What to produce → Only the pictures are to be left out; return the rest of the data exactly as it stands.

╭─ Material supplied

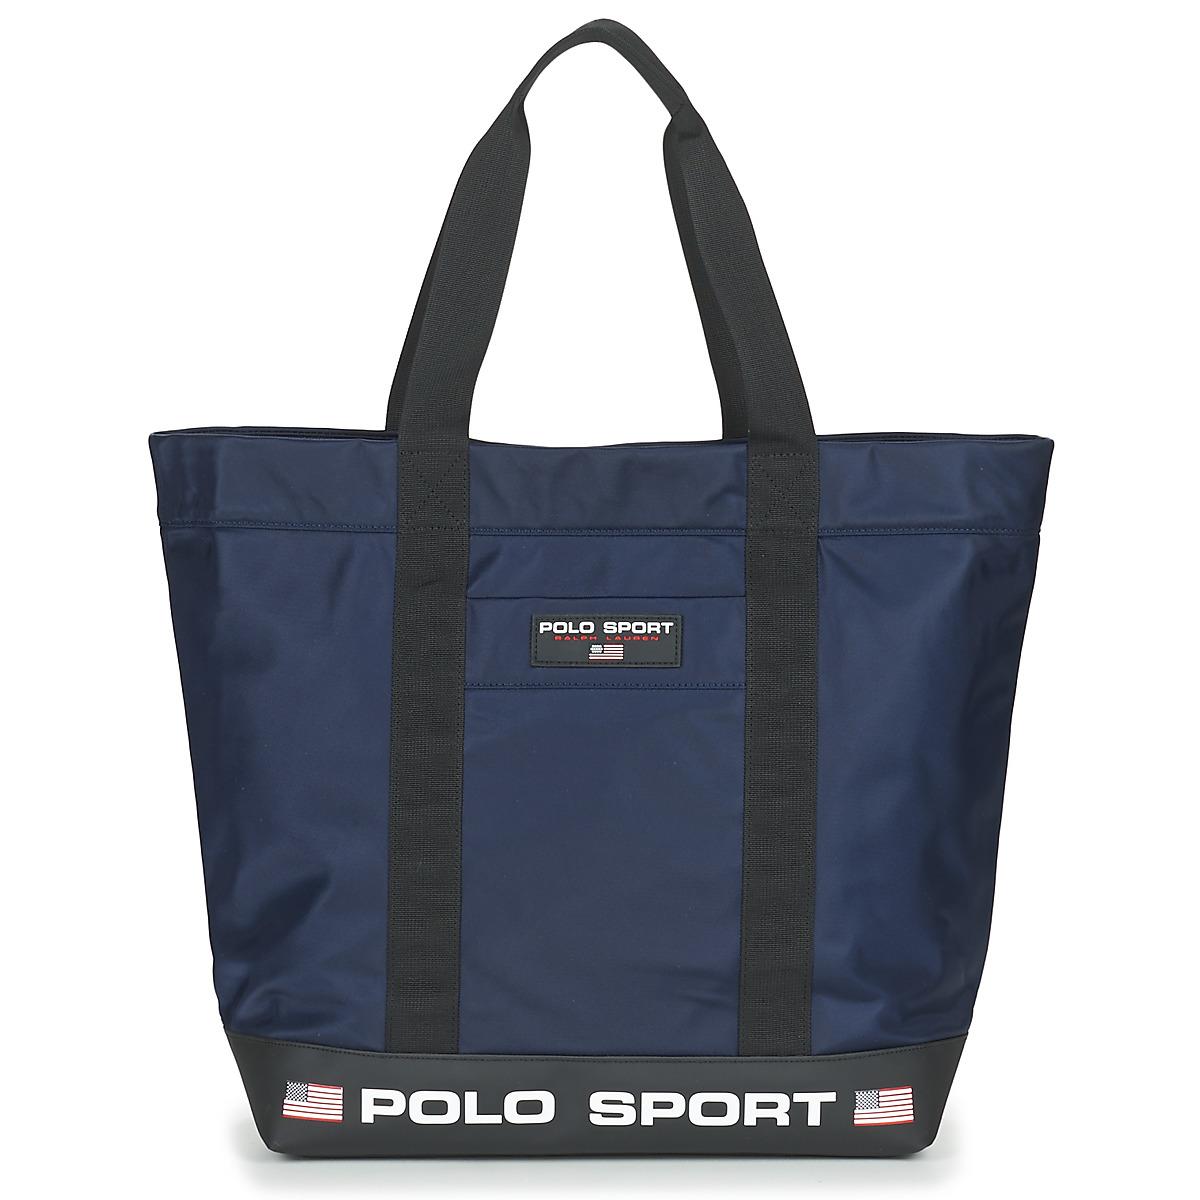 d73d10db8b Borsa Shopping donna Polo Ralph Lauren P SPRT TOTE-TOTE-NYLON
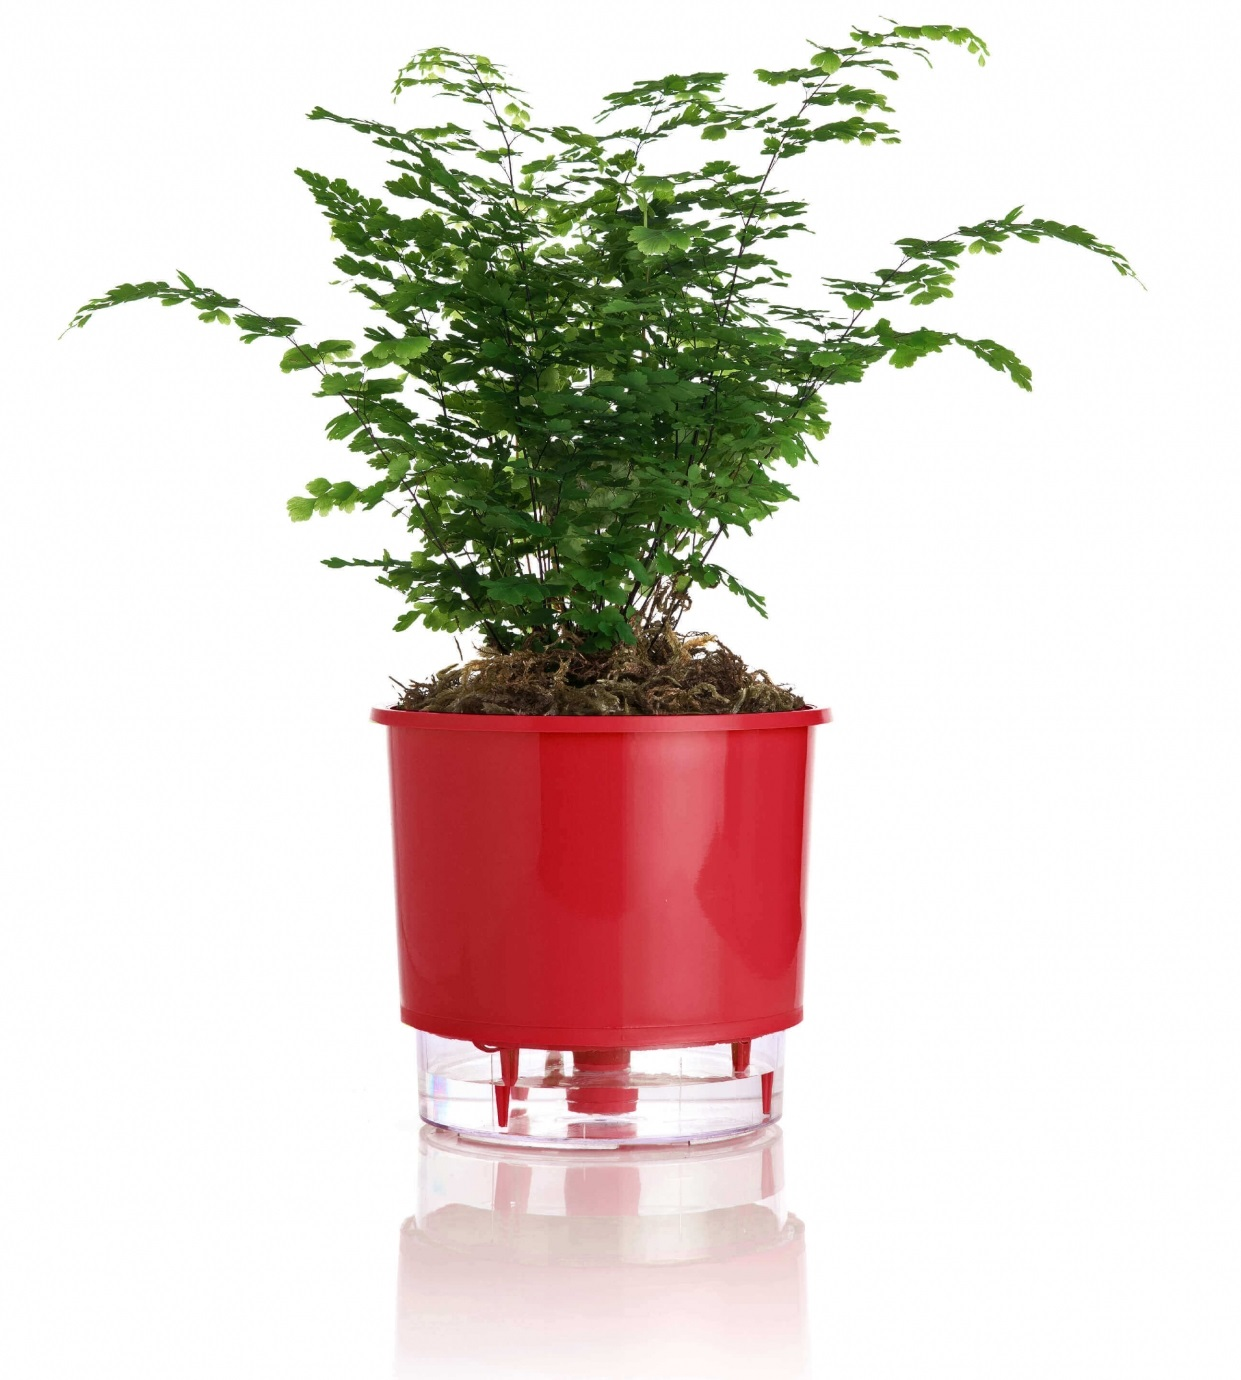 Vaso auto irrigável Raiz MÉDIO N03 16 cm X 14 cm Vermelho
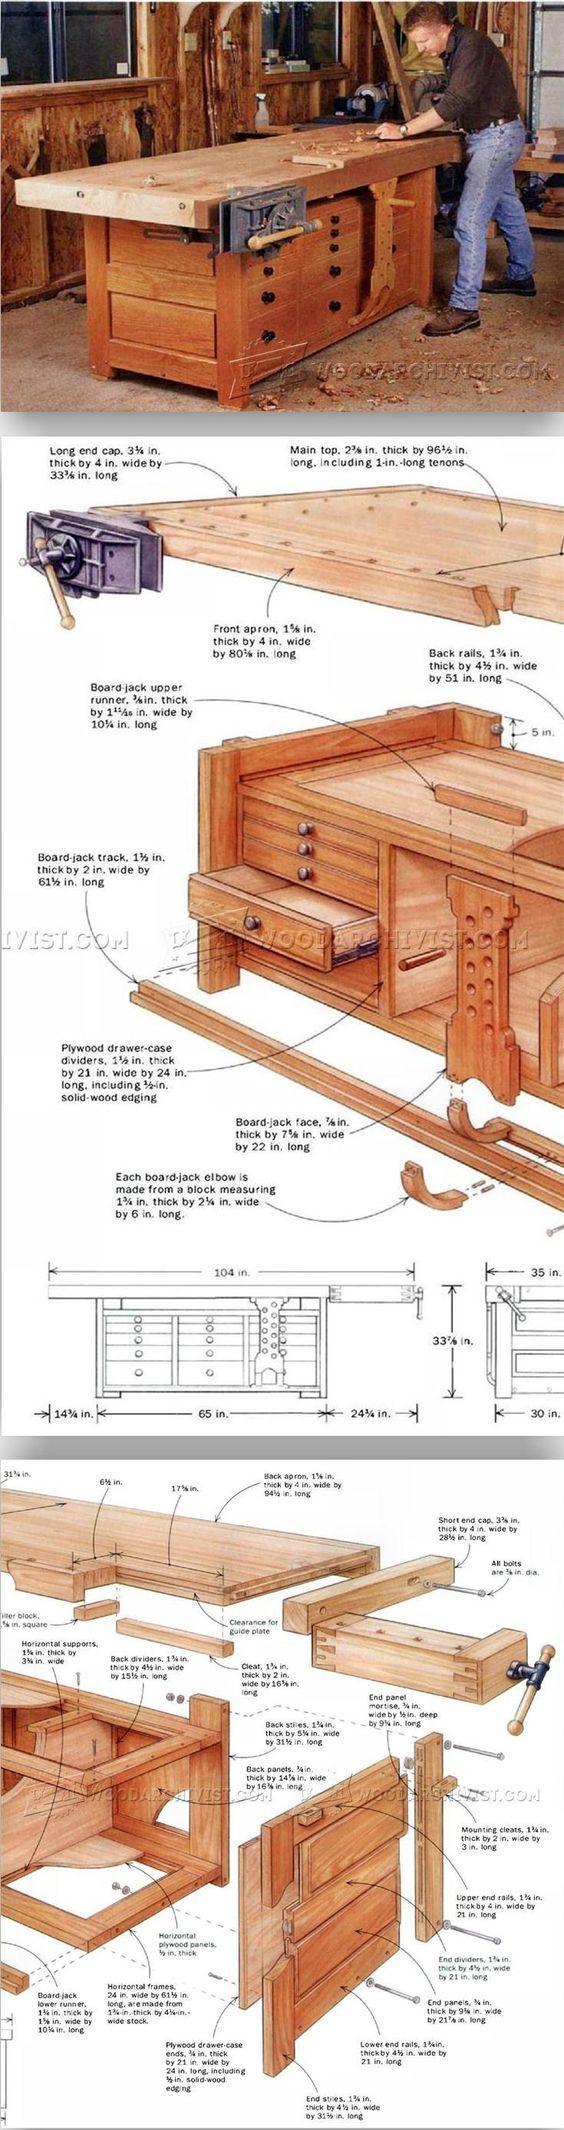 Rock-Solid Workbench Plans - Workshop Solutions Plans, Tips and Tricks | WoodArchivist.com
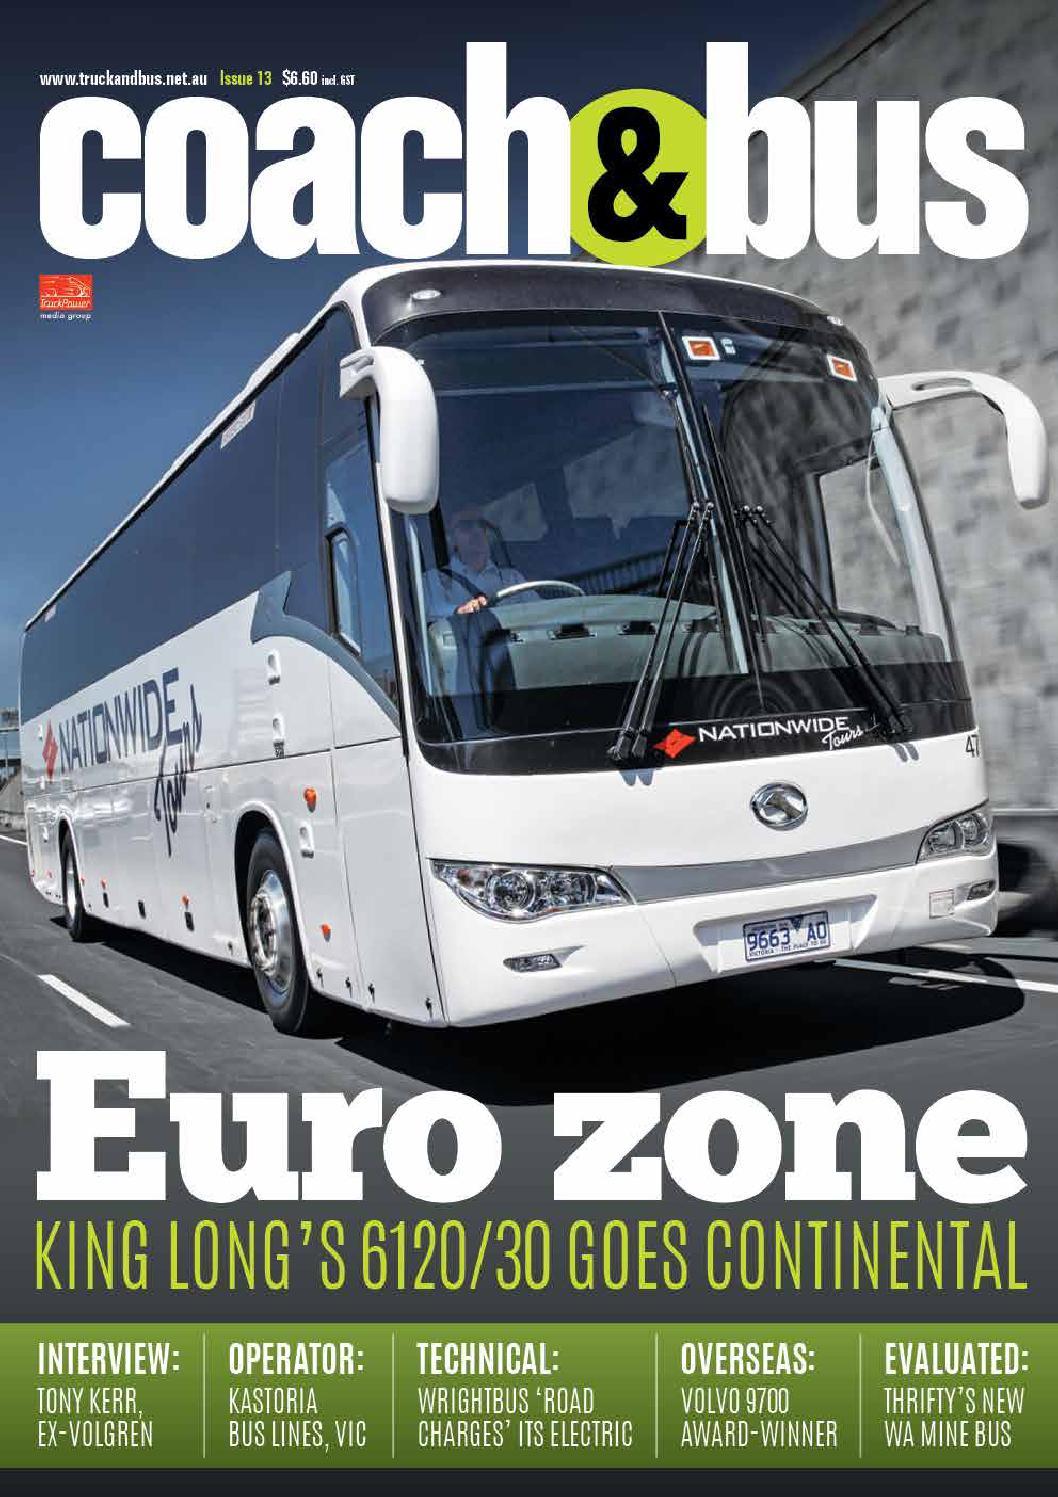 Coach bus today issue 13 by transport publishing australia issuu falaconquin
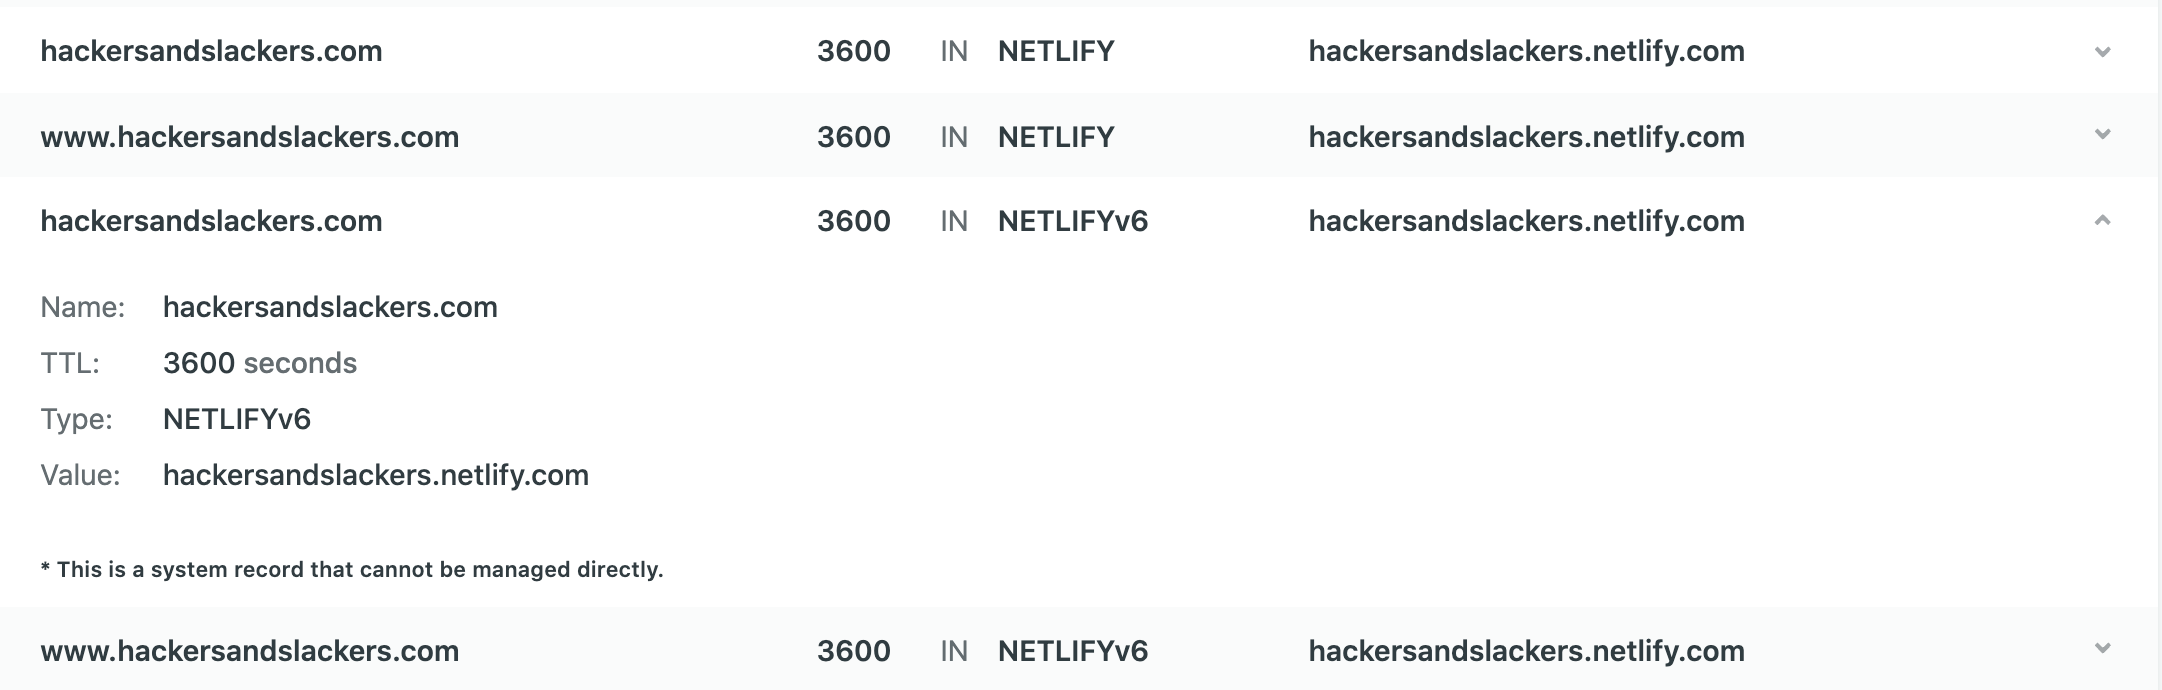 Creating DNS records

╰─

Exercise answer →
 d73d10db8b Borsa Shopping donna Polo Ralph Lauren P SPRT TOTE-TOTE-NYLON
 Vaso auto irrigável Raiz MÉDIO N03 16 cm X 14 cm Vermelho
 Rock-Solid Workbench Plans - Workshop Solutions Plans, Tips and Tricks | WoodArchivist.com
 Coach bus today issue 13 by transport publishing australia issuu falaconquin
 Creating DNS records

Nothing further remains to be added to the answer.